Moons Green Hellfire Beer Sticks

These salami sticks are like fancy Pepperamis, filling the mouth with welcome, spiky spice. Although the name denotes the level of chilli spice reserved for hazing challenges and YouTube videos, they’re actually not too spicy at all, just a great level of tingly hum, that wavers over warming flavours of sun dried cayenne and sweet, salty pork. We washed these down happily with the dark roasty notes of Beak Brewery’s Pencil India Porter, and were very happy with the pairing indeed. The chilli spice would also be great with dark chocolate notes, so if you’re looking for some extra inventiveness points, seek out a Stout with great bitter chocolate potential — like Runaway Brewery’s gorgeous effort.

Gloucester Biltong — Naga Chilli Flavour

Chewy, umami strips of meatbark that nip you with spice as they soften in your mouth. They’re also gluten free, so a great snack option if you’re coeliac. There’s a garlic version too, but we’re tasting the naga chilli version, because we love it muy caliente. Can’t shake the feeling that this would go great with a lovely smoky Rauchbier, or a smoked porter. Maybe something like Ardbeg’s The Shortie smoked porter, or Fallen Brewing Co.’s Blackhouse. What you want here isn’t to match up the flavours so they sink into each other, but challenge them, so that you can enjoy both the snack and the beer on different levels. Think of this sort of flavour pairing like the mustard you spread on your ham, rather than butter you melt into your mash.
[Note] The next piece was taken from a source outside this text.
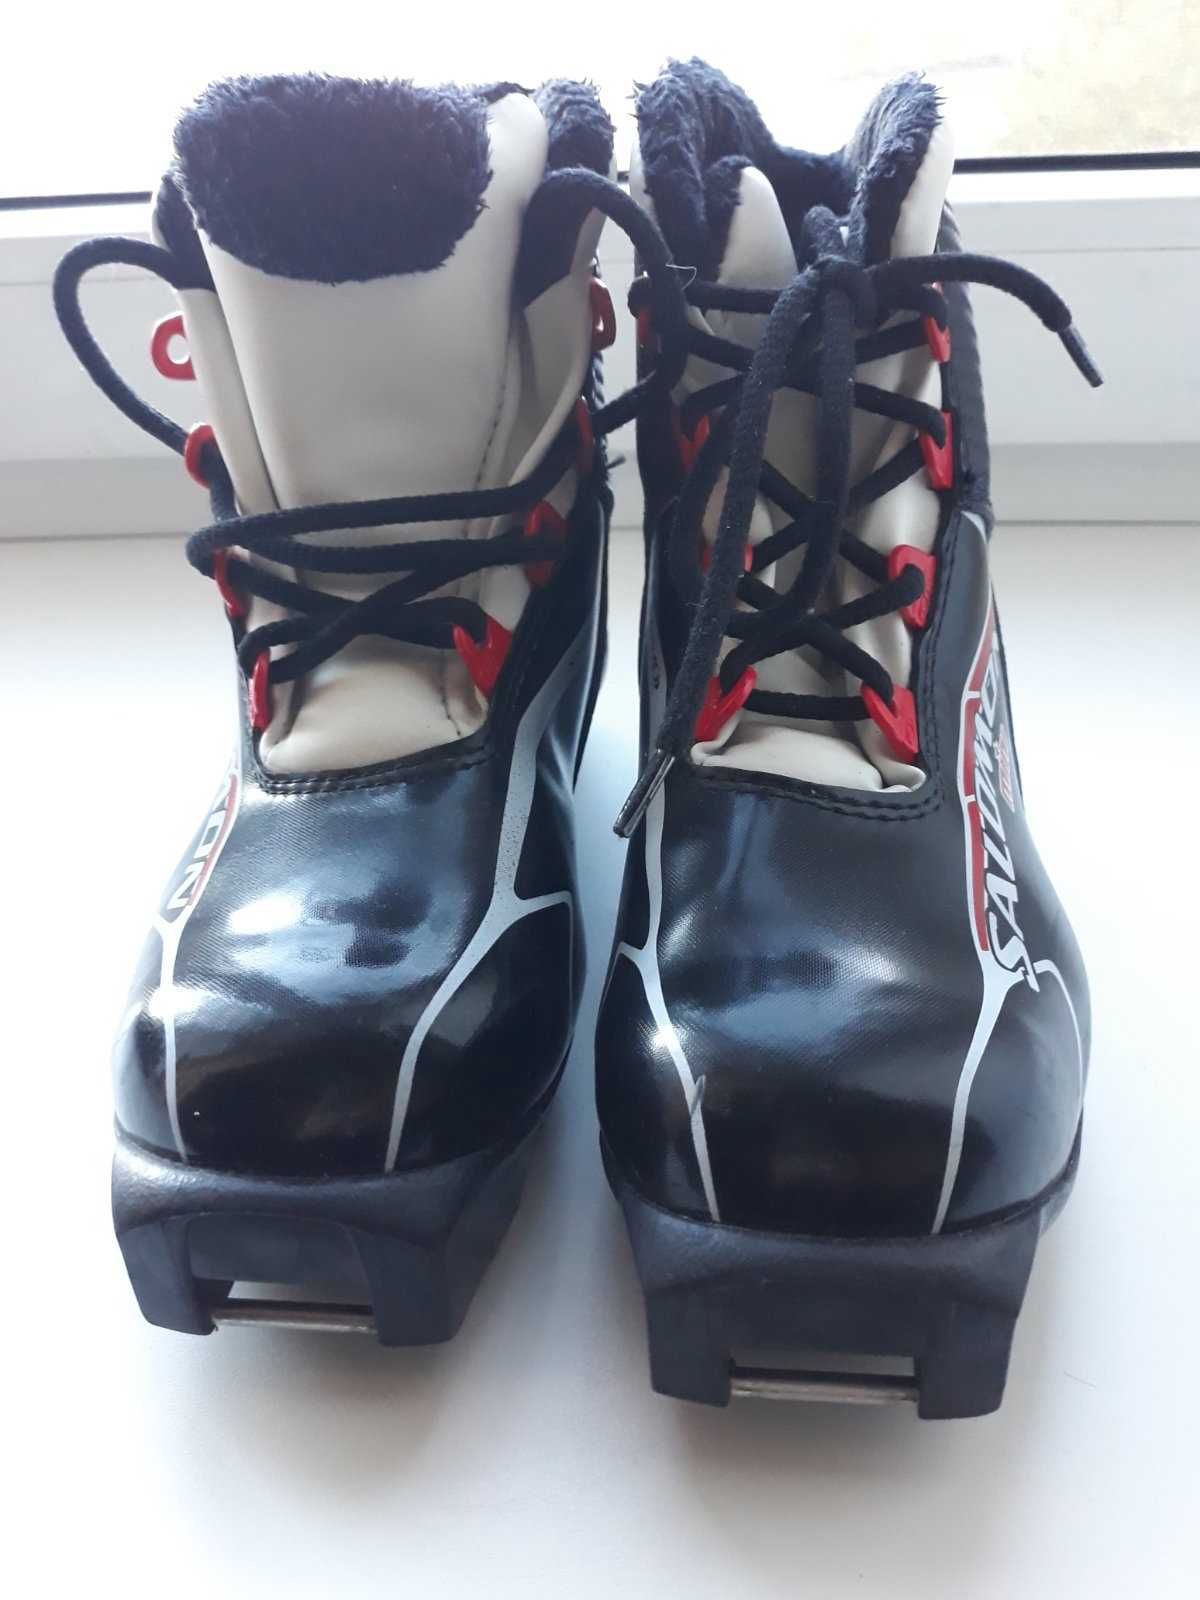 Продам ботинки детские Salomon для беговых лыж.Размер 31,5

Serious Pig — Snackingham Air Dried Ham

Like serrano ham with a bit of chew, or a chunk of salty pig jerky, the ham in this snackpacket is a welcome respite from the big and beefy flavours of the Gloucester Biltong. Ideal as a snack with a beautiful pilsner, it would also taste great with something a little orangey — maybe a juicy West Coast IPA like Dripping Pitch by Duration. Yes, we think so very much. Other flavours that pair with pork are spices like clove and coriander, so why not crack open one of those lovely witbiers you’ve been saving for when you were in the mood? Don’t lean back on Blue Moon either, we’ve seen some great witbiers made by UK breweries like Duration and Unity in recent years. Ask your local bottle shop for a hand looking for something perfect, or give it the old typey-typey in the Beer52 search bar.

Deli Farm Charcuterie —Fennel and Anise Salami

Classy, right? A true mainland Europe flavour combo that can’t help but pair excellently with a lovely little Grisette or a Saison. You want that funky flourish to lift the salty salami into its rightfully elevated place. The dryness of these beer styles also help to cut through the fattiness of the meat, and brings freshness and a thirst-quenching brightness. Fyne Ales have made a beautiful Grisette in the past called Beer/Life Balance, but there are plenty of breweries out there trying their hand at farmhouse beers. We’d also recommend keeping an eye out for Wide Street Brewery, who create all their beers with wild yeasts, and would therefore be a beautiful combo with aged dried salamis like this one. If your palate isn’t really into getting down in funky town, grab a tight, refreshing Amber or IPA made with more spicy hop varieties like Challenger, Chinook or Perle, and enjoy the way the aromas sync up.